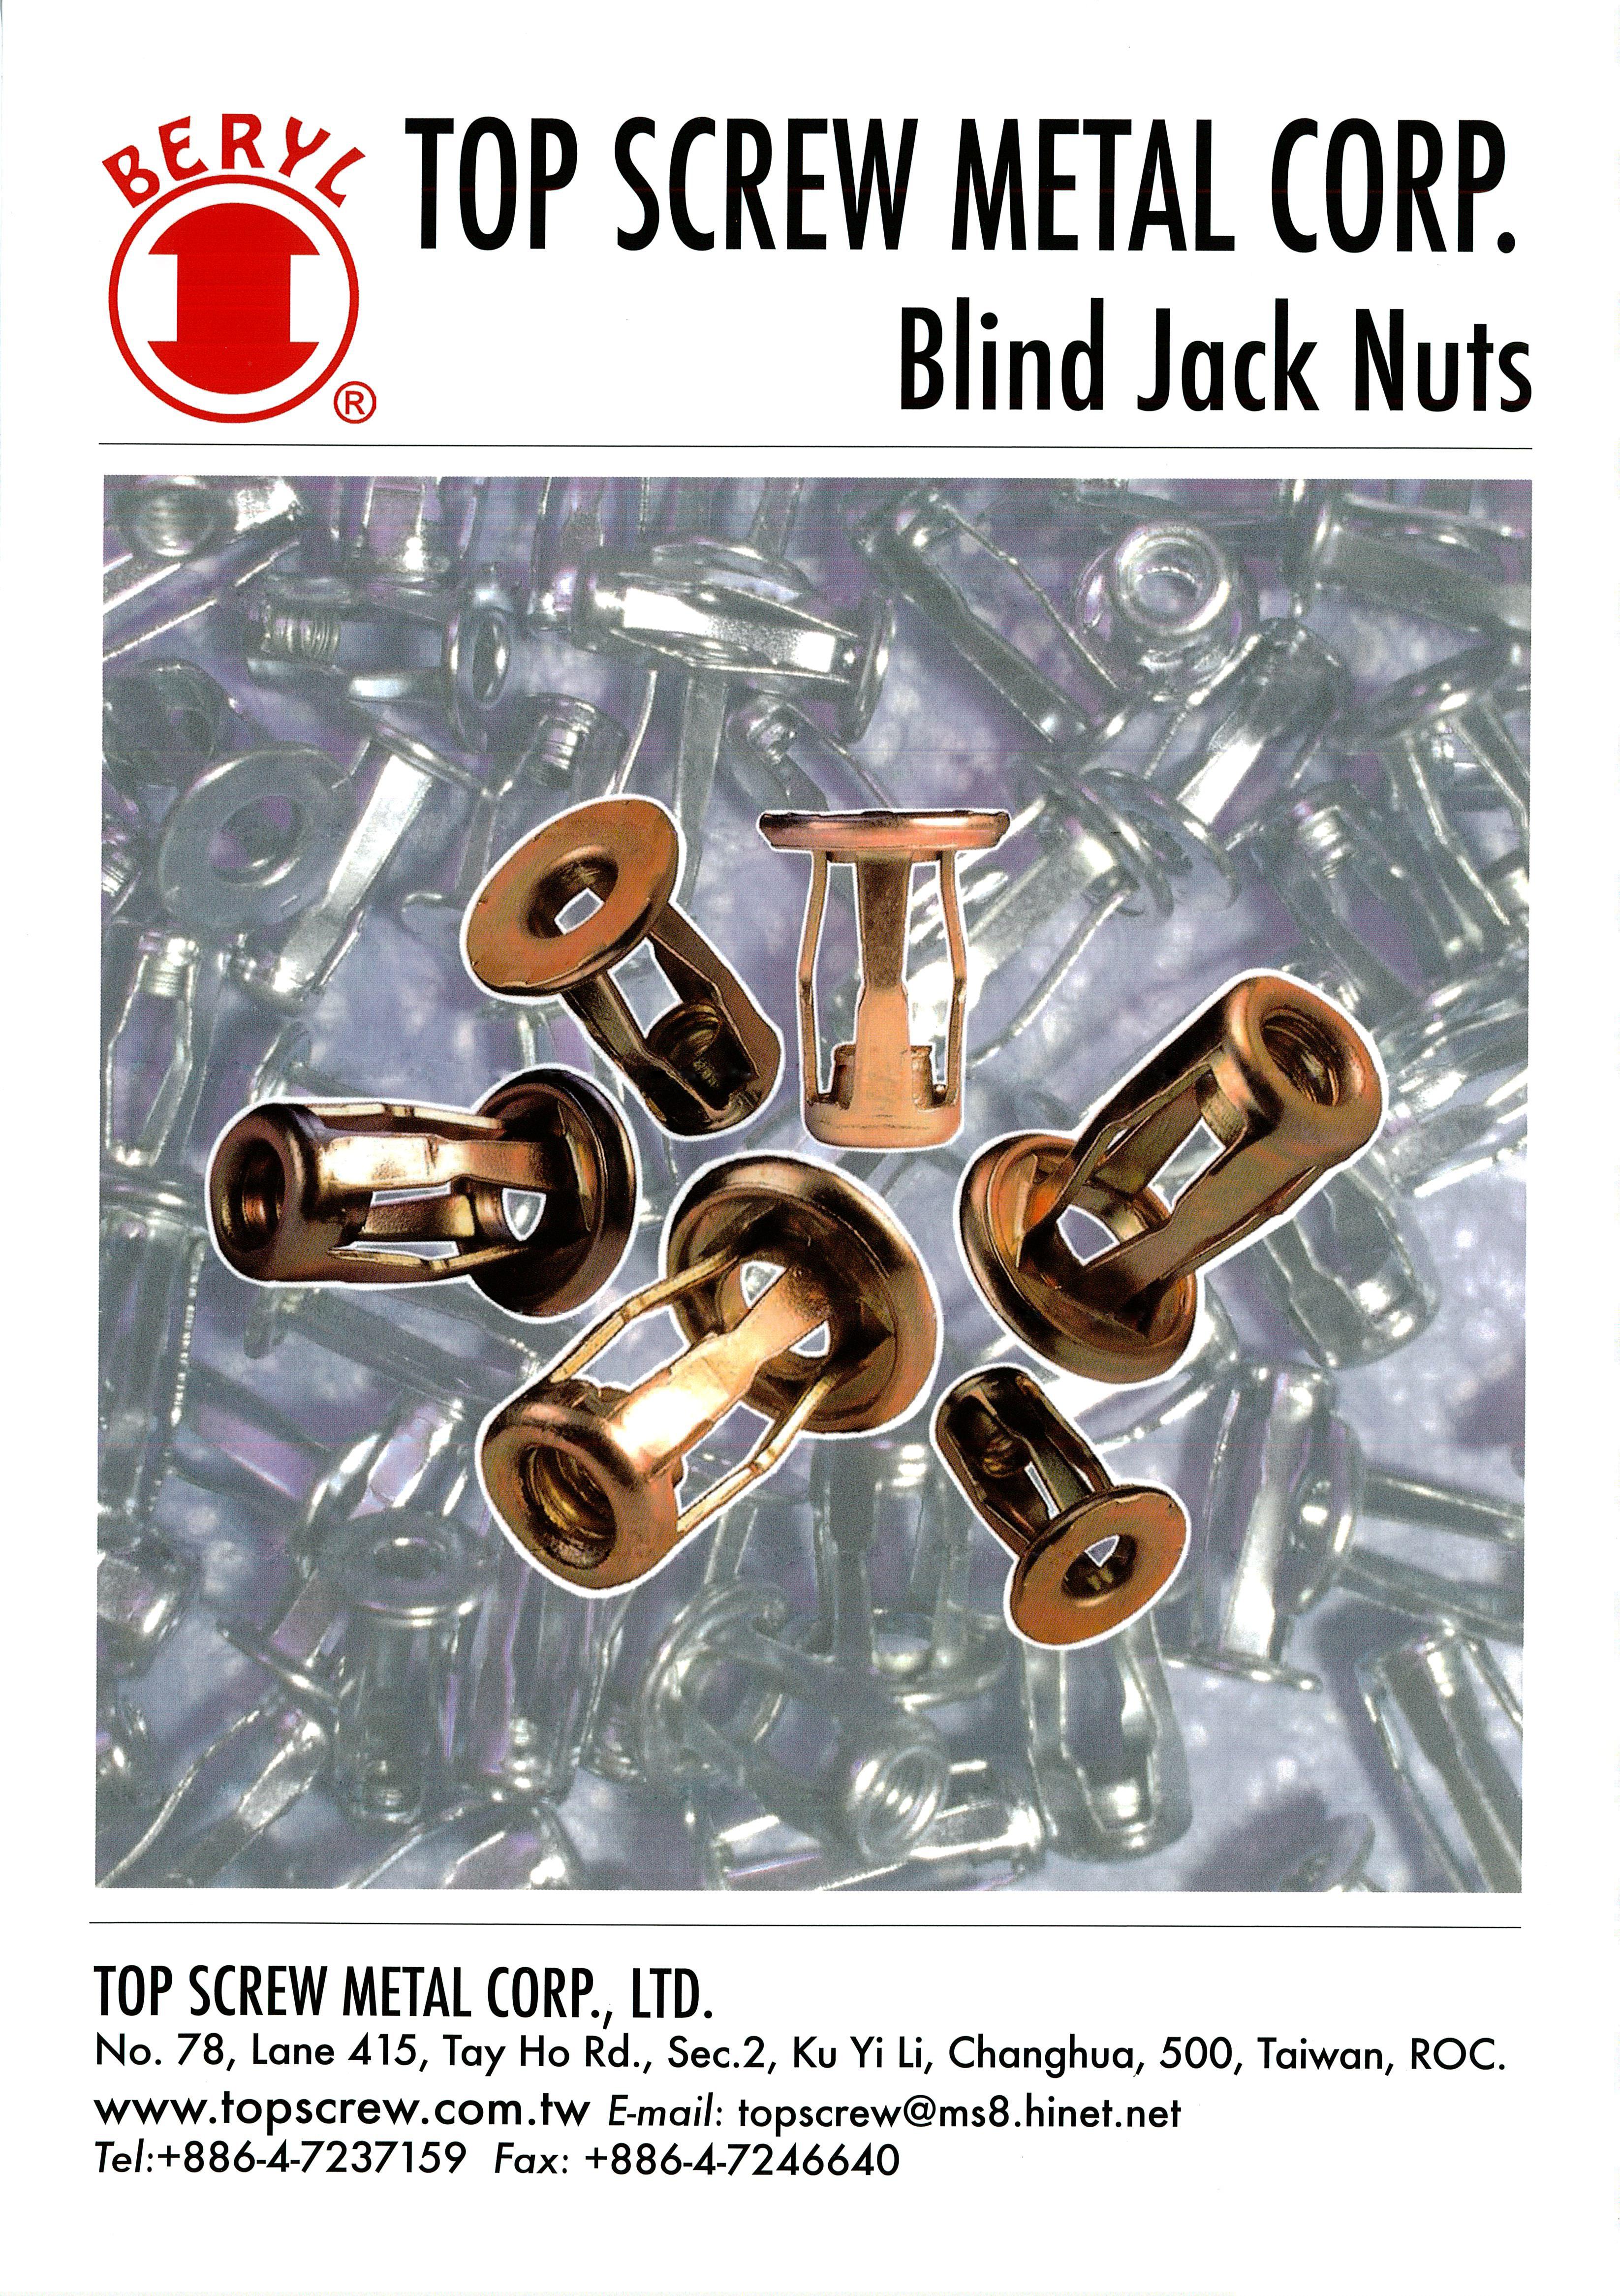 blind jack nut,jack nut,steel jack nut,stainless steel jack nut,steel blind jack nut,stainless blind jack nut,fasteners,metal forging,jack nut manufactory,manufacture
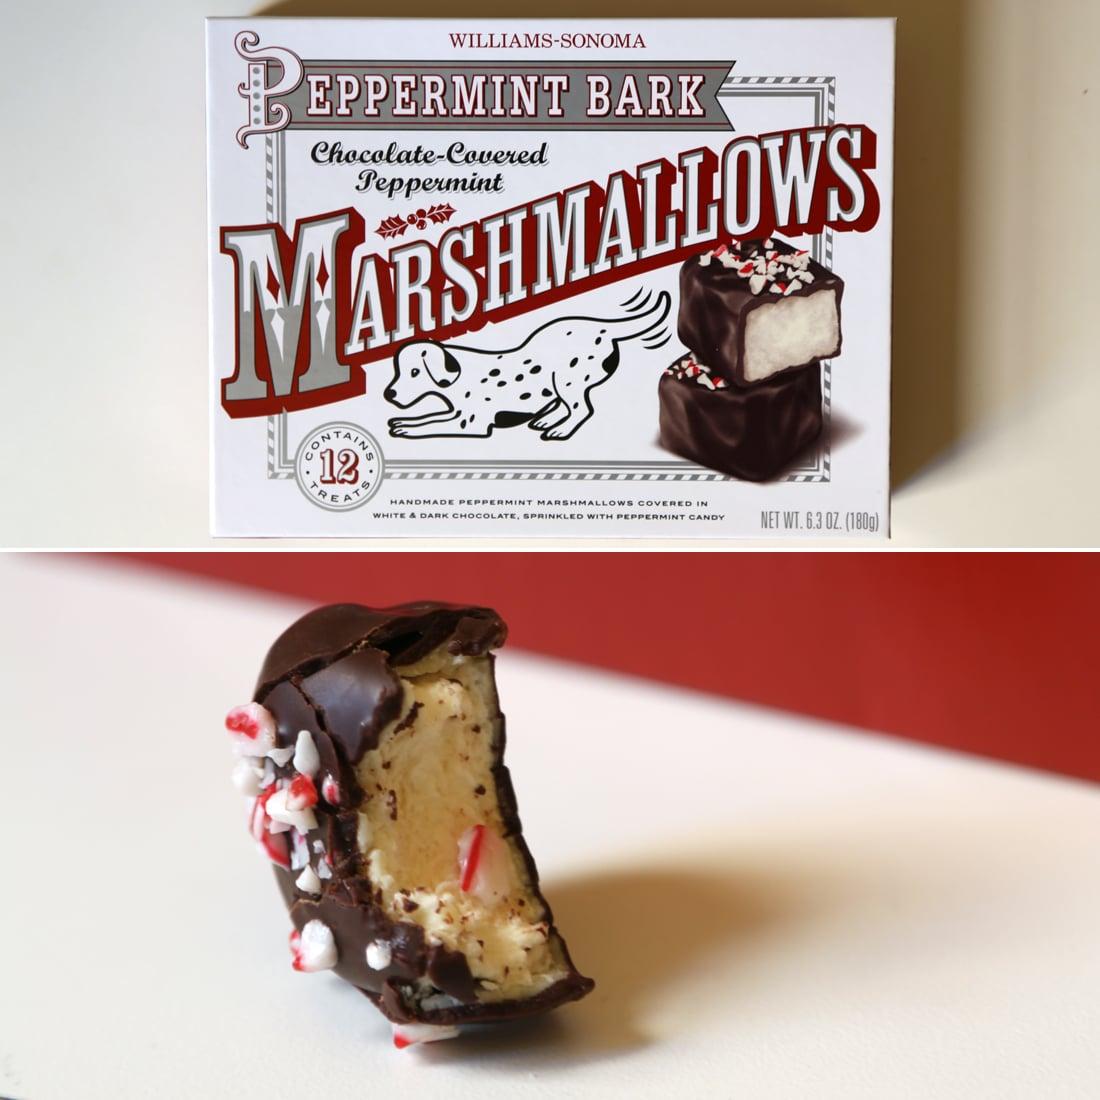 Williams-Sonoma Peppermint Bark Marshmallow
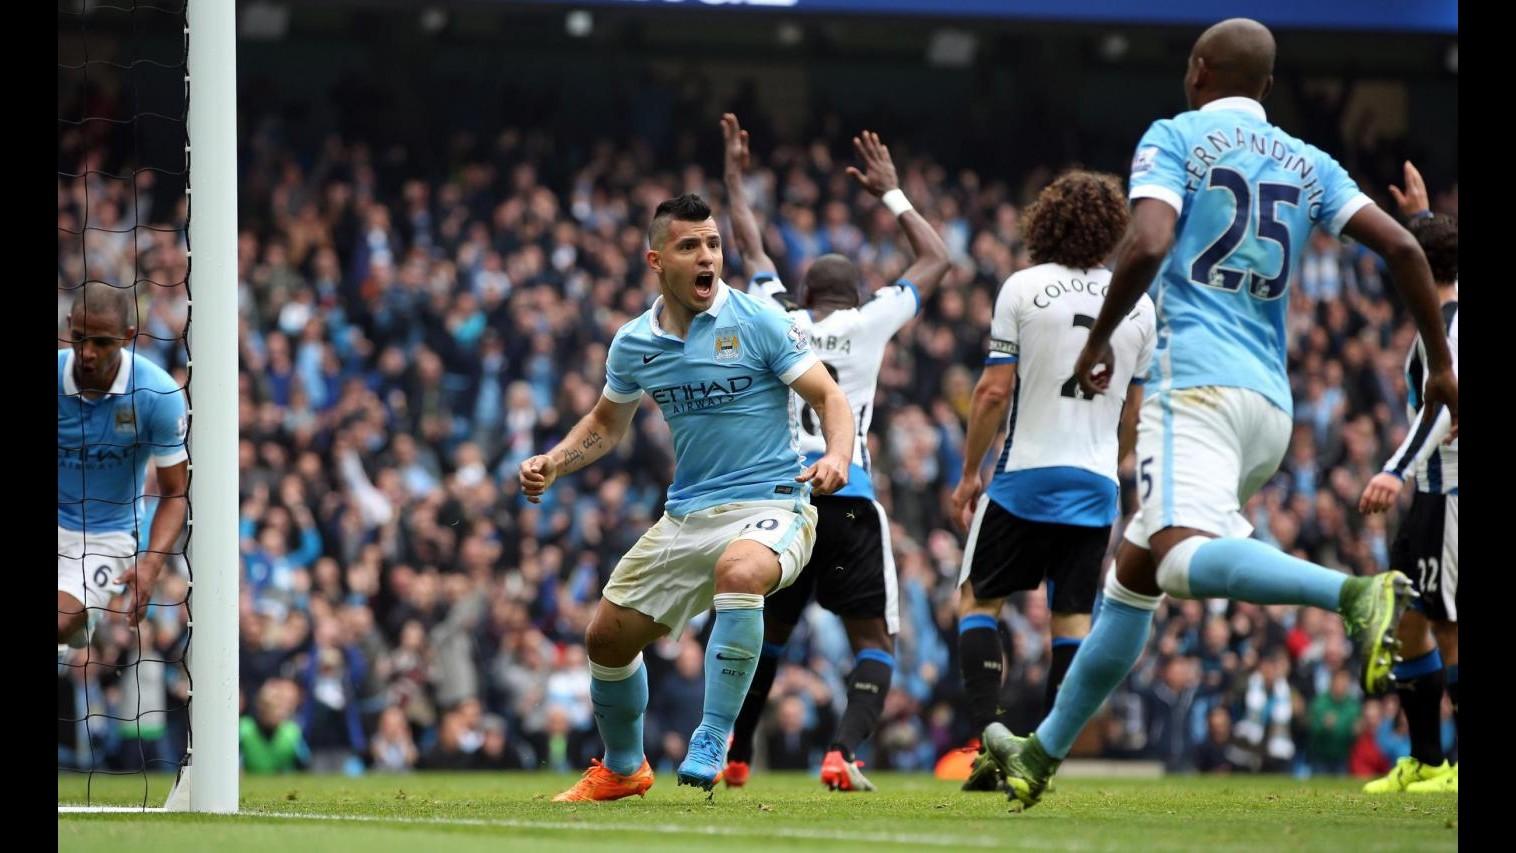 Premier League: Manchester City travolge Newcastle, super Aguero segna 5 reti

To do: Write out all the material verbatim, images excluded.

Final answer:
 blind jack nut,jack nut,steel jack nut,stainless steel jack nut,steel blind jack nut,stainless blind jack nut,fasteners,metal forging,jack nut manufactory,manufacture
 Williams-Sonoma Peppermint Bark Marshmallow
 Premier League: Manchester City travolge Newcastle, super Aguero segna 5 reti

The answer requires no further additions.